I’ve been told several times that Australian men are chauvenistic and selfish. having only ever met one I can’t really comment but if it is true then Jim was certainly carrying the flag for Australia on that issue. He actually sent me a text once wanting to make a bet with me. The bet was that if Australia beat Wales at rugby then I’d give him a blow job! laugh??? i thought my pants would never dry out! Giving that Wales weren’t playing particularly well at that time I thought it was probably not a good bet. I’m sure he was fairly positive that he would never have to do the ‘honours’ to me. Never having shown any interest in that area of sexual shenanigans he probably thought he was pretty much going to be guaranteed a good time. Again, I dug deep and said ummmm NO! THRICE NO!
Apparently he has now managed to get the rebound lady and annoying brat out of his life again and is rooting around for some company. No doubt he’ll find it.
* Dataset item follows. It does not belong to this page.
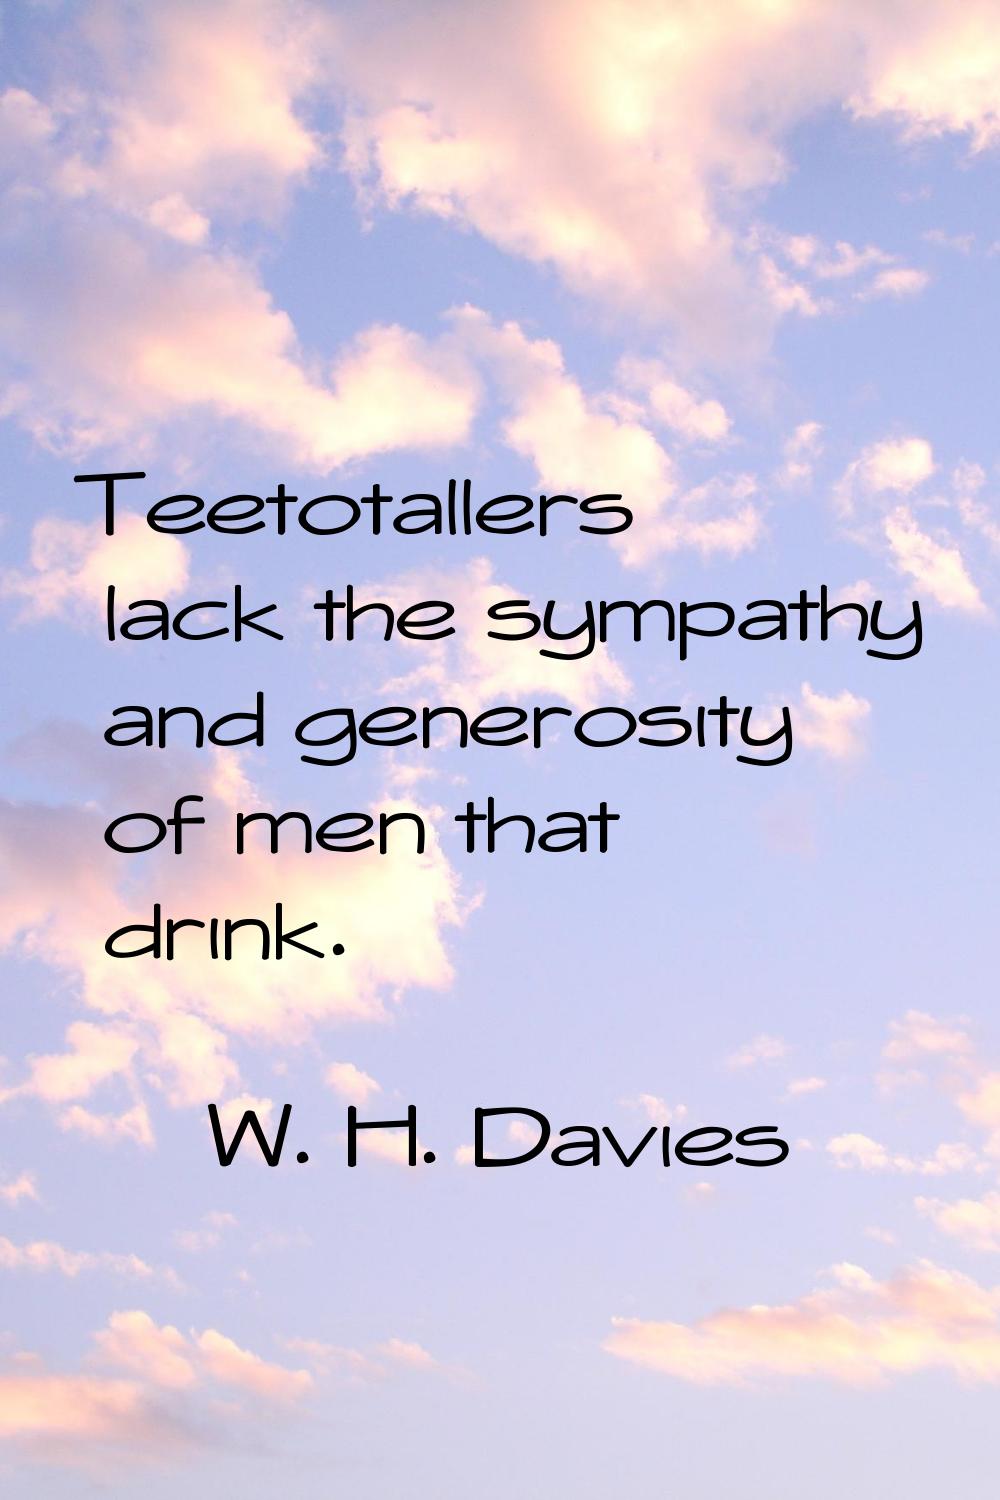 Teetotallers lack the sympathy and generosity of men that drink.

jim was probably one of the least tactile people I’ve ever met. Never occurs to him to hold hands or hug you. I think both his ex wives left him due to neglect. Not because he had a brilliant job that took him all over the world and gave him a phenomenal income. I just think that on his return he showed no sign of actually having missed them at all.
I remember one rather interesting thing happened whilst we were actually having sex. There we were all sweating and getting ‘jiggy wit it’ and his phone rang. he picked it up and started having a business conversation. My ego like his dick deflated pretty rapidly.
I’ve heard of girls showing the same inconsideration though. My guy i knew told me how once, when he was banging away at this girlfriend of his, she reached over to the bedside table, picked up a bag of crisps and started crunching on the cheese and onions while he was trying to go for gold! The smell alone was enough to put him off his stride. The girls mistake was to choose cheese and onion. Perhaps he wouldn’t have been so put off if it had been just plain crisps or a prawn cracker.